2025 silicomanganese Market Review
At the beginning of the year, there was a temporary disruption in the supply of manganese ore, which led to a significant increase in silicomanganese futures prices. However, subsequent supply data did not show any substantial impact. Meanwhile, affected by the US-China tariff friction and the continuous decline in coal prices, prices fluctuated and fell. In June, driven by the "anti-overcapacity" policy, prices rose slightly, but supply and demand pressures persisted. After the initial enthusiasm subsided, prices gradually fell back and remained in a low range throughout the second half of the year.
Looking at it in stages:
Phase 1: Initial surge followed by a decline at the beginning of the year (January-February)
In early January, prices surged rapidly to their highest point of the year at 6,800 RMB/ton, before quickly falling back to around 6,200 RMB/ton in early February.
At the end of 2024, delays in shipments from Gabon and Australian mines caused domestic port inventories of manganese ore to fall to a five-year low, driving up raw material costs. Steel mills concentrated on replenishing their stocks at the beginning of the year, and the short-term demand surge pushed prices higher. As manganese ore arrivals gradually increased, the raw material shortage eased; crude steel production declined year-on-year, and steel mills reduced their purchases after completing their stock replenishment, causing prices to fall accordingly.
Phase 2: Continued decline (March-June)
The price continued to fall from around 6,200 RMB/ton, reaching its lowest point of the year at approximately 5,600 RMB/ton in late June, a drop of over 10%.
Production capacity in northern regions (Ningxia and Inner Mongolia) has increased. Ningxia's production increased by 9.5% year-on-year, leading to an oversupply in the industry; crude steel production decreased by 4% year-on-year, indicating weak demand in the steel industry, and the demand for ferrosilicon manganese decreased by nearly 5%. At the same time, declining coal and electricity prices (Ningxia's electricity price remained around 0.4 RMB/kWh) and falling manganese ore prices have driven down the production costs of ferrosilicon manganese. Traders in the Ningxia region have high inventory levels, making it difficult for companies to sell their products, forcing them to lower prices to reduce inventory.
Phase 3: Low-level consolidation (July-December)
The price fluctuated within a narrow range of 5,500-5,900 RMB/ton, before falling slightly at the end of the year to around 5,500 RMB/ton, resulting in a cumulative decline of approximately 7.5% for the entire year.

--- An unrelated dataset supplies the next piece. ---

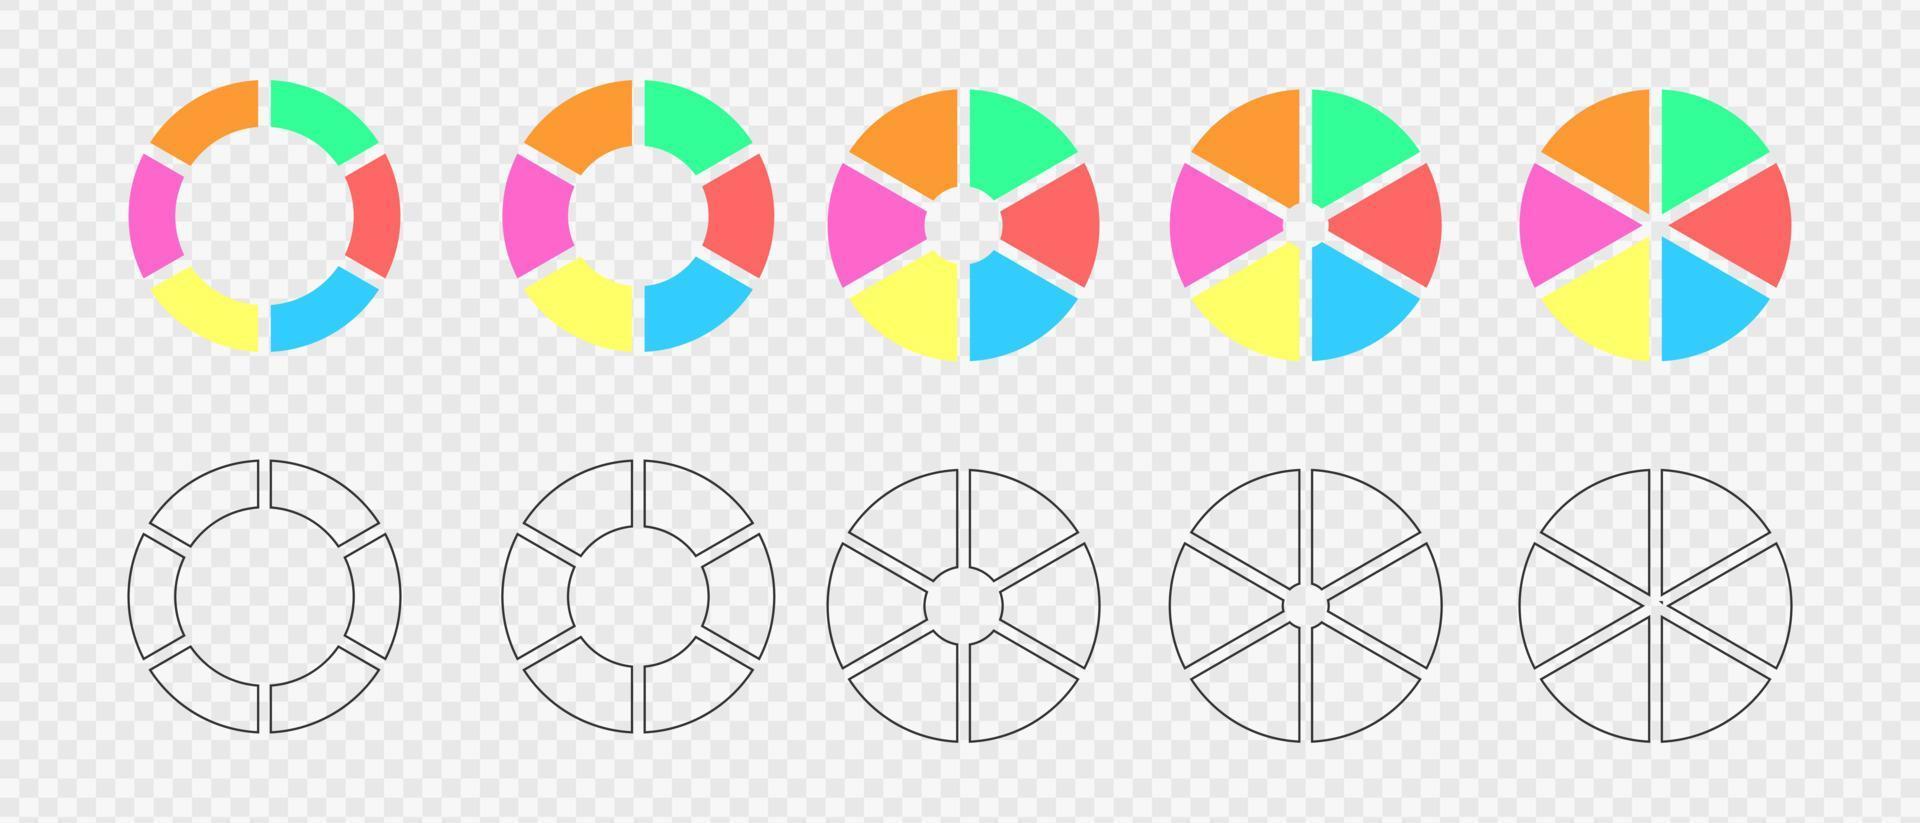 uppsättning av munk diagram segmenterad på 6 likvärdig delar. infographic hjul dividerat i sex färgad och grafisk sektioner. cirkel diagram eller läser in barer vektor

In the second half of the year, manganese ore prices stabilized and chemical coke prices rebounded from their lows, providing support to prices from the cost side. Production in southern regions (Guizhou and Guangxi) decreased due to high costs (Guizhou's output decreased by 24.7% year-on-year), slightly easing supply pressure; steel demand remained weak, but steel mill inventories were at historically low levels, with procurement mainly driven by essential needs, making a significant price drop unlikely. Policies aimed at curbing overcapacity and eliminating outdated production facilities briefly boosted sentiment, but did not change the overall loose supply-demand situation.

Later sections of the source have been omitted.